Available records
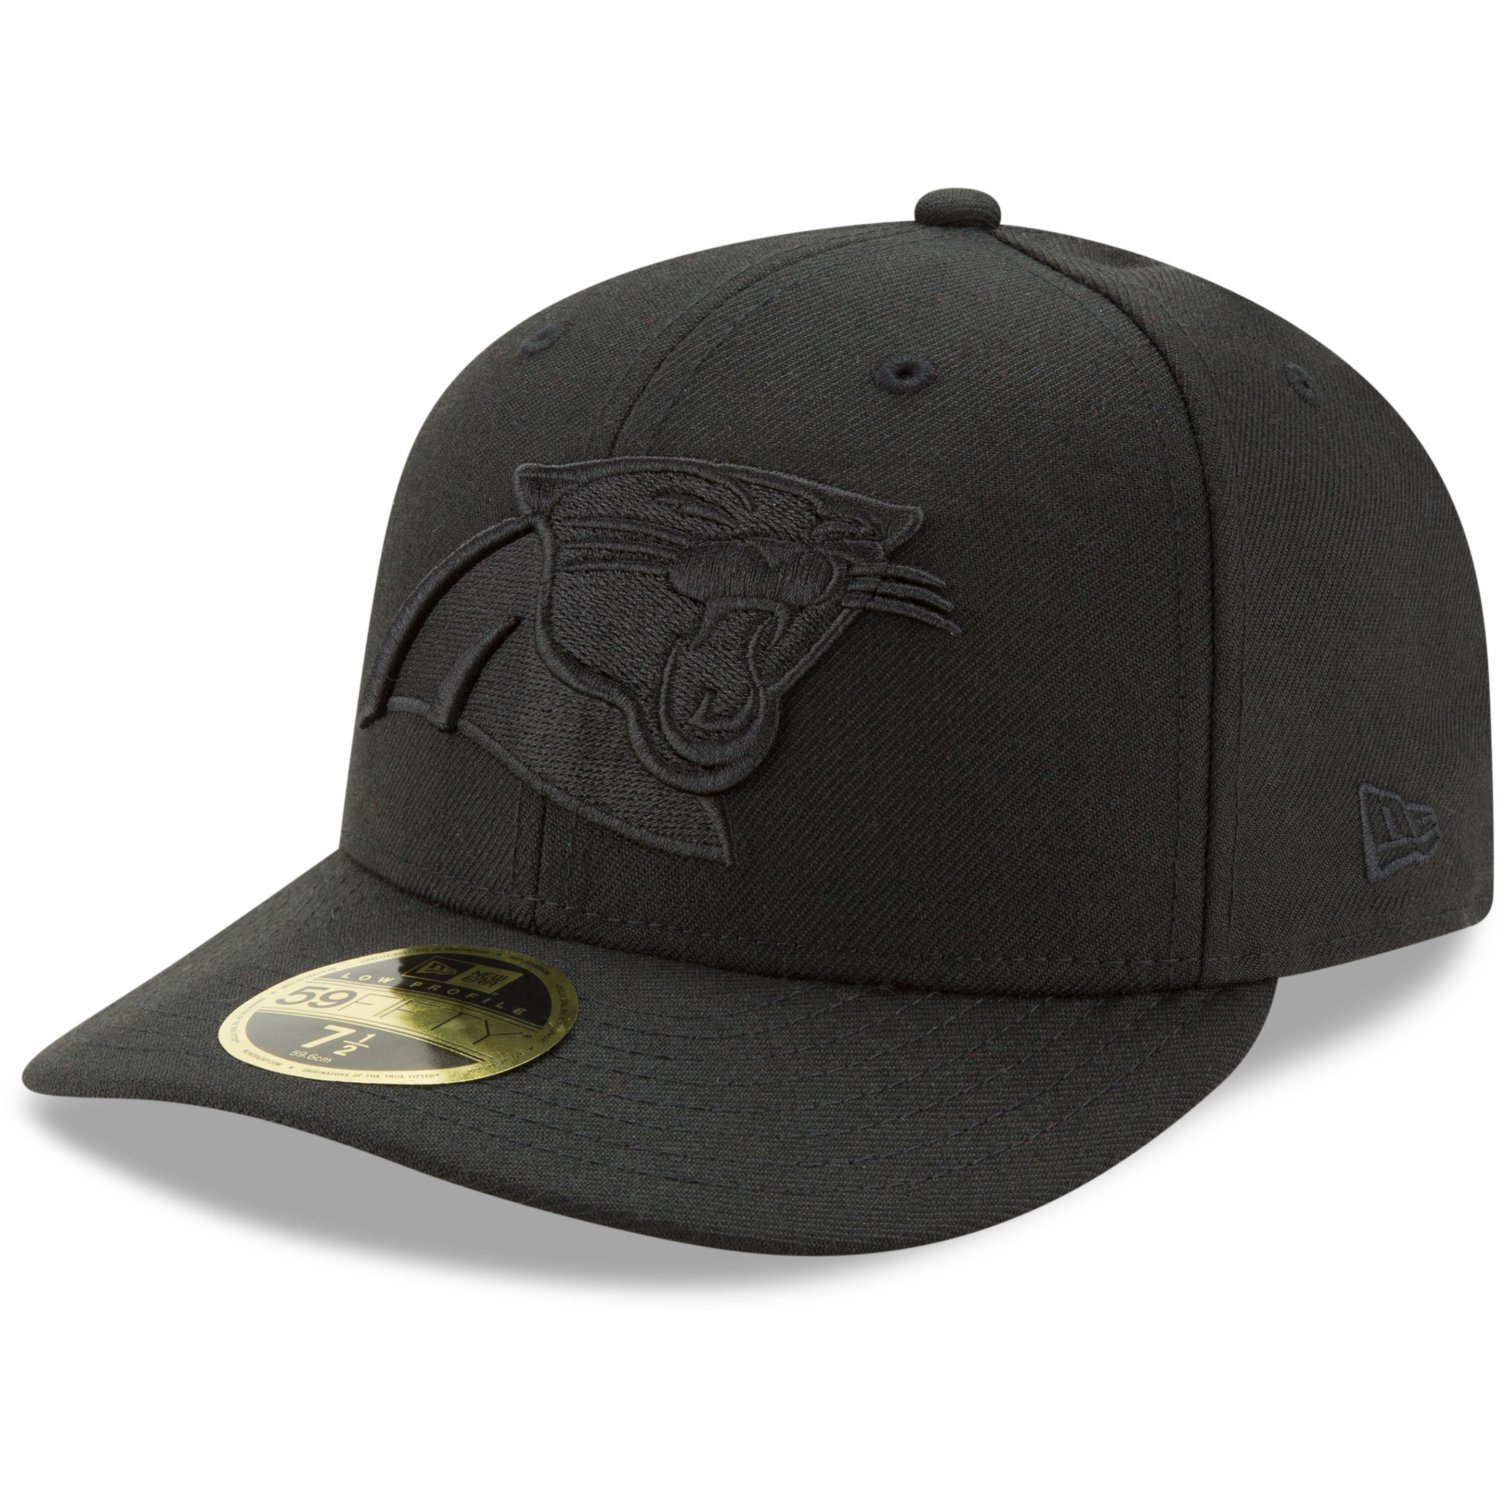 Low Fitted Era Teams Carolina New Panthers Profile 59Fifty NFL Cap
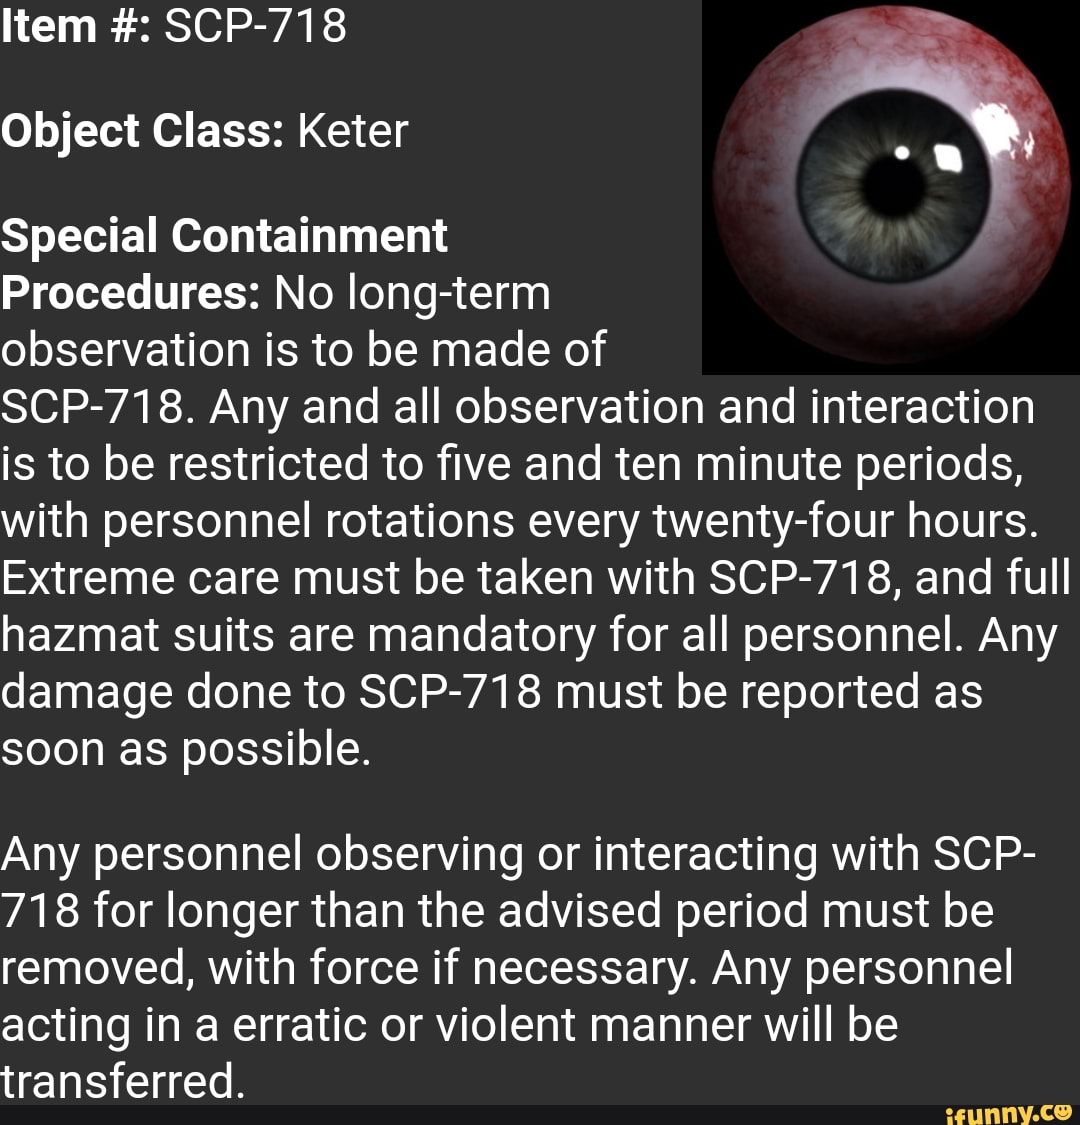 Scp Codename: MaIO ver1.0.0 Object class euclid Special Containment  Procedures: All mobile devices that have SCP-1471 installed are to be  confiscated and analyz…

---

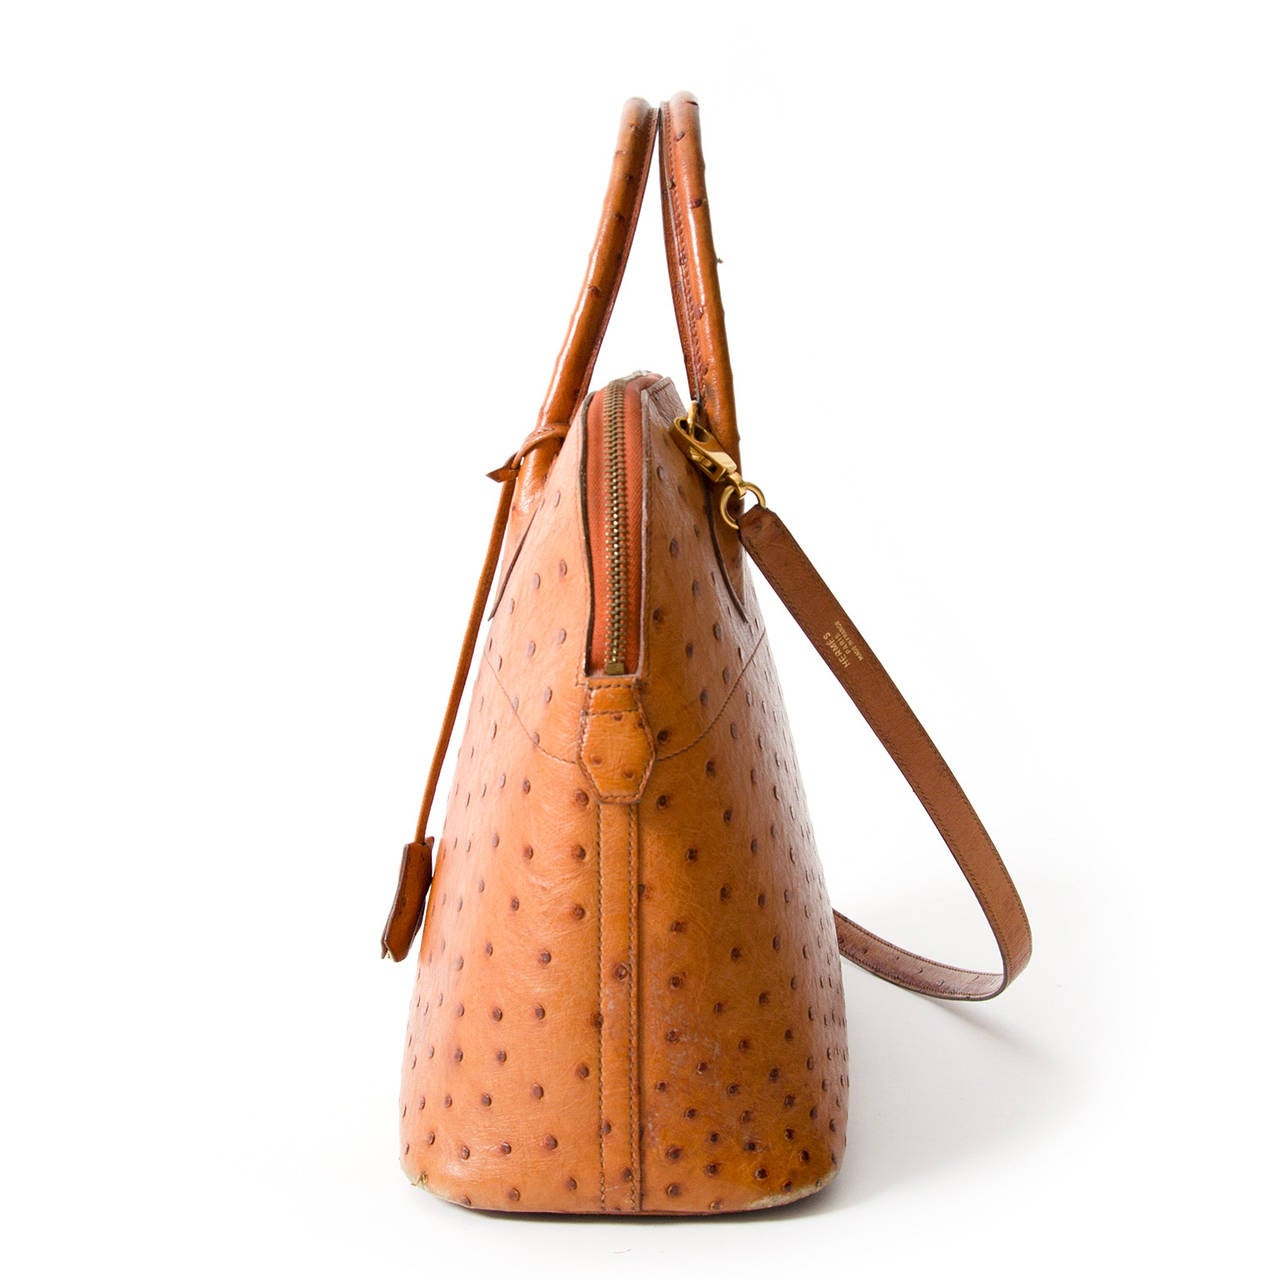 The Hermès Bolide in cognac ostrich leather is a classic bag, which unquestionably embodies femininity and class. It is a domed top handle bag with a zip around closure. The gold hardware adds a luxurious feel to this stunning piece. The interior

...

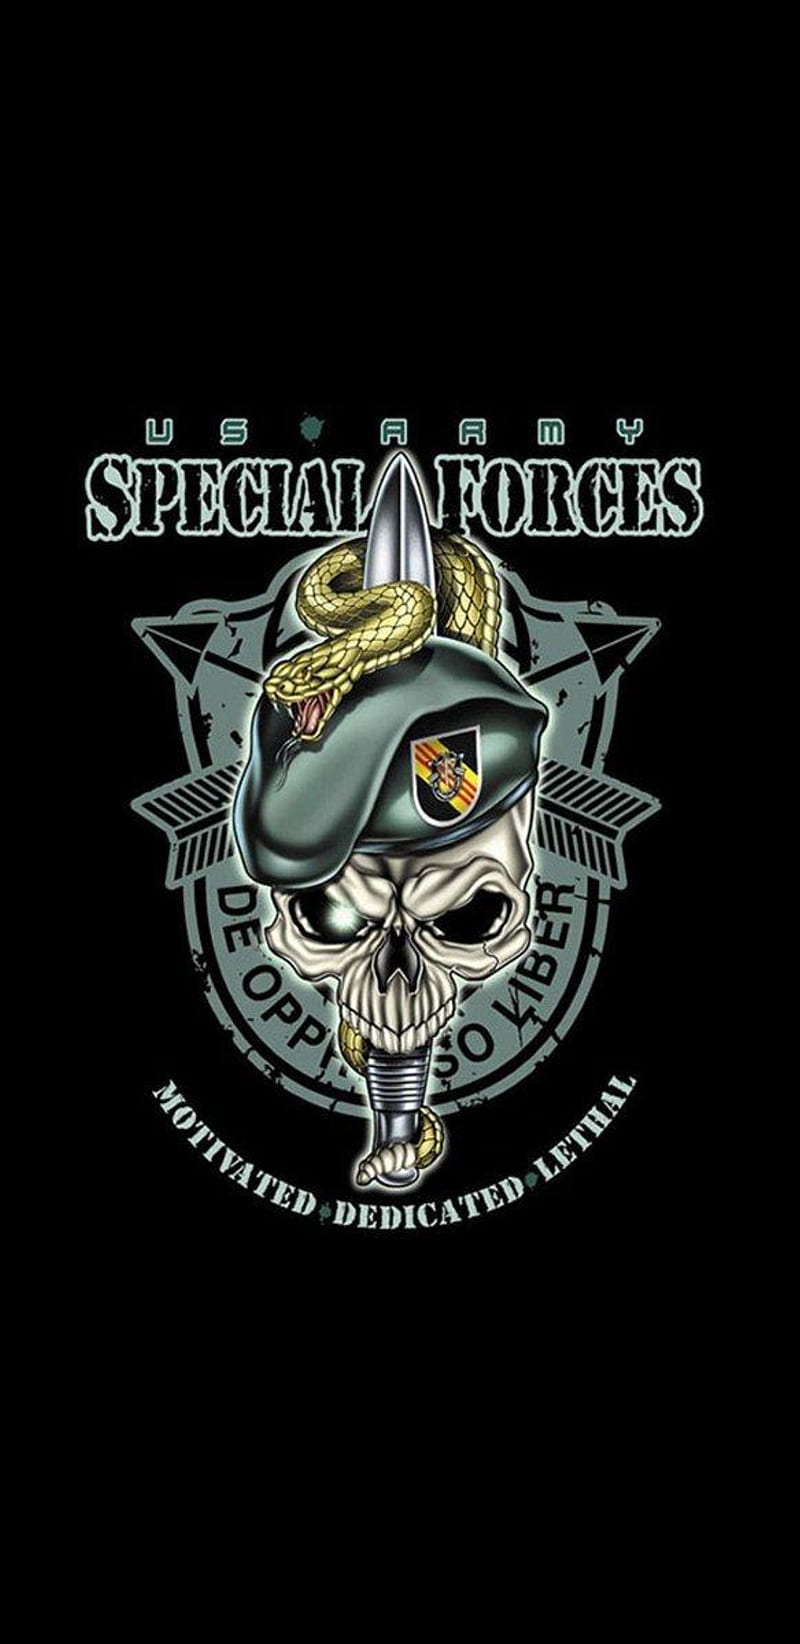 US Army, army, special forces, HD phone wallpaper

What is being asked
Within the listing above, copy exactly the lines that start at the one with "Low Fitted Era" and continue through the one with "Scp Codename: MaIO". Omit pictures.

Solution to the exercise
 Low Fitted Era Teams Carolina New Panthers Profile 59Fifty NFL Cap
 Scp Codename: MaIO ver1.0.0 Object class euclid Special Containment  Procedures: All mobile devices that have SCP-1471 installed are to be  confiscated and analyz…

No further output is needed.